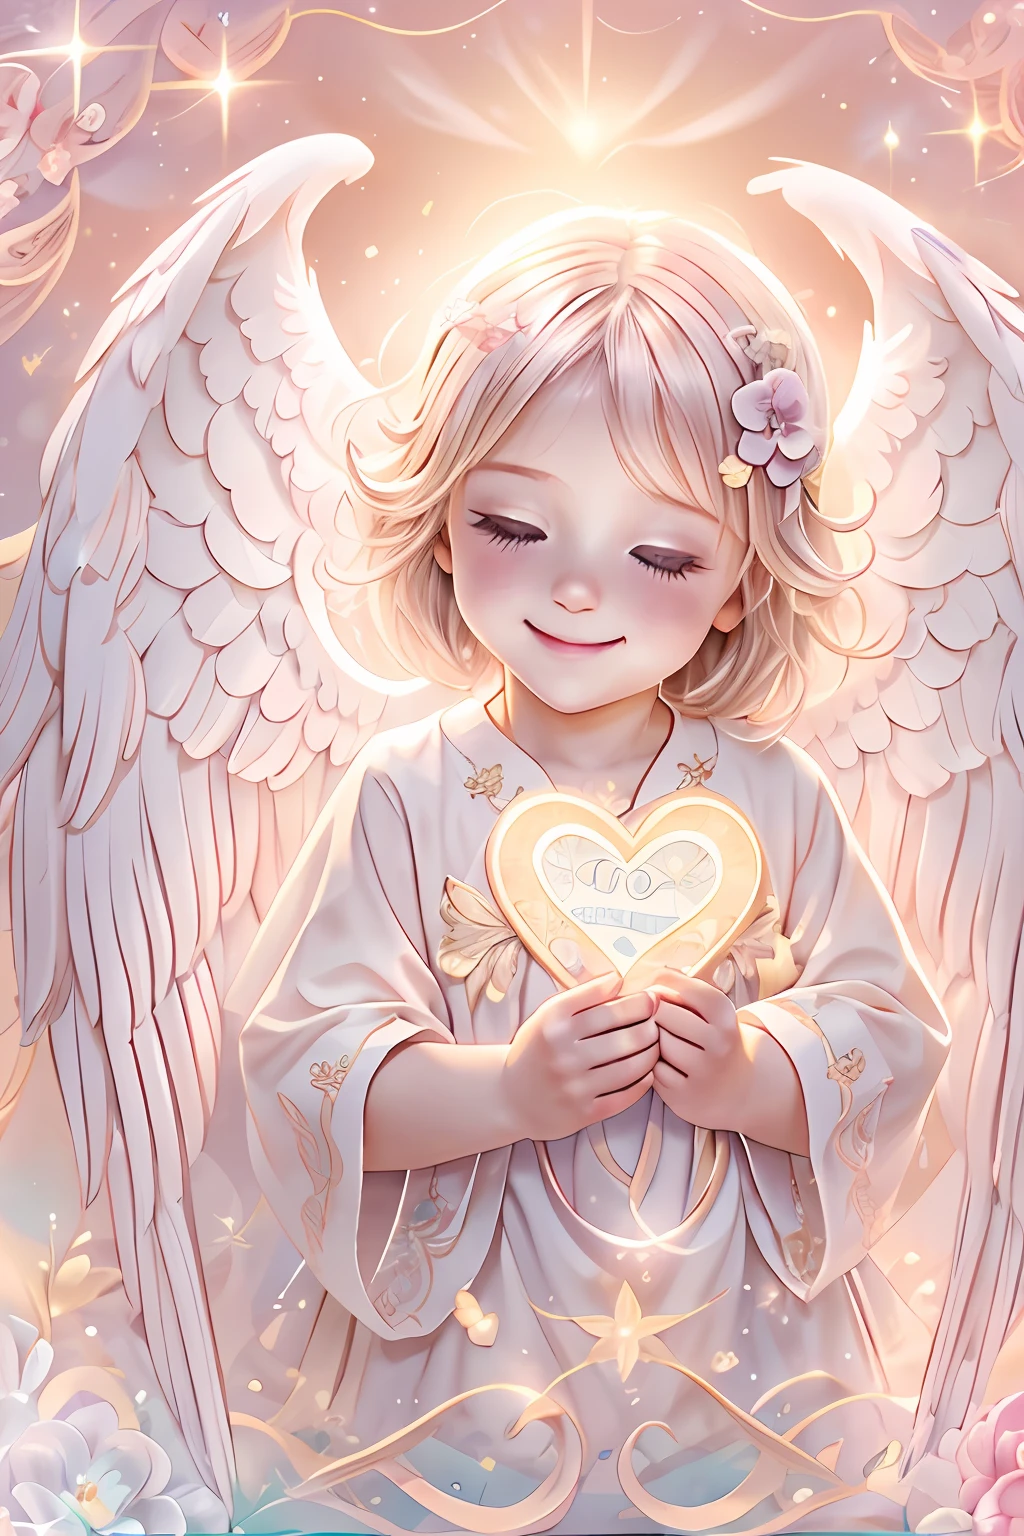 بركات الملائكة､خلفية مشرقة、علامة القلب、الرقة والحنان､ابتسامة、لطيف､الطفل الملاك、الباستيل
========================================================================
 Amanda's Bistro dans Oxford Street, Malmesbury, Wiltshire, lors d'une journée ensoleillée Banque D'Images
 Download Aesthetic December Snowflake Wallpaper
========================================================================
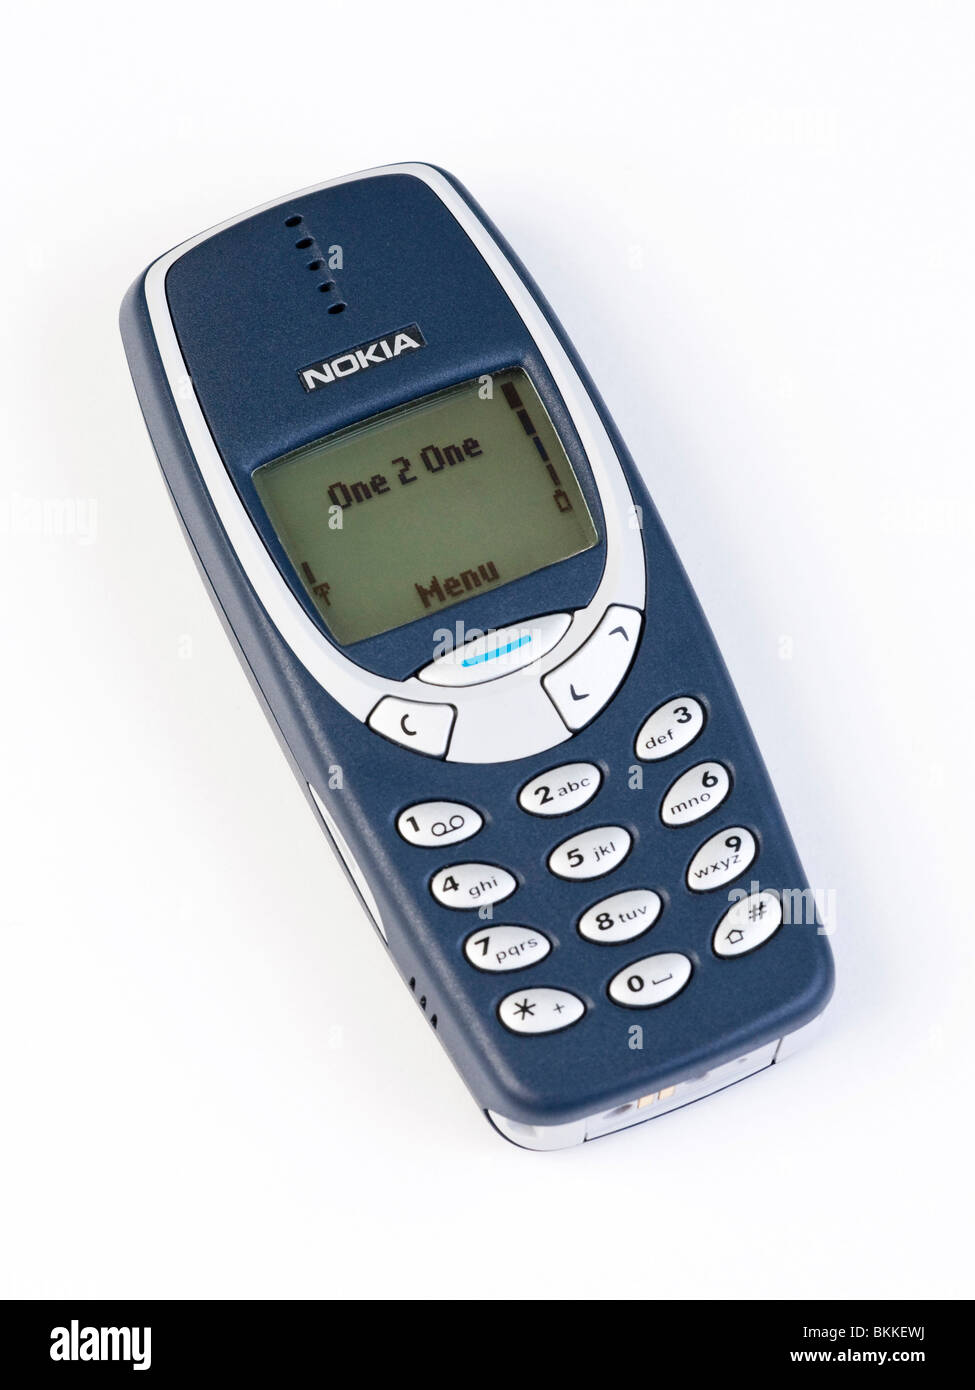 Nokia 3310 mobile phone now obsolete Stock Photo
========================================================================
- [The task]: Retype the records above, but only those lines that fall between the line containing "Amanda's Bistro dans" and the line containing "Download Aesthetic December", with both of those lines included, exactly as written.

- [Task response]:
 Amanda's Bistro dans Oxford Street, Malmesbury, Wiltshire, lors d'une journée ensoleillée Banque D'Images
 Download Aesthetic December Snowflake Wallpaper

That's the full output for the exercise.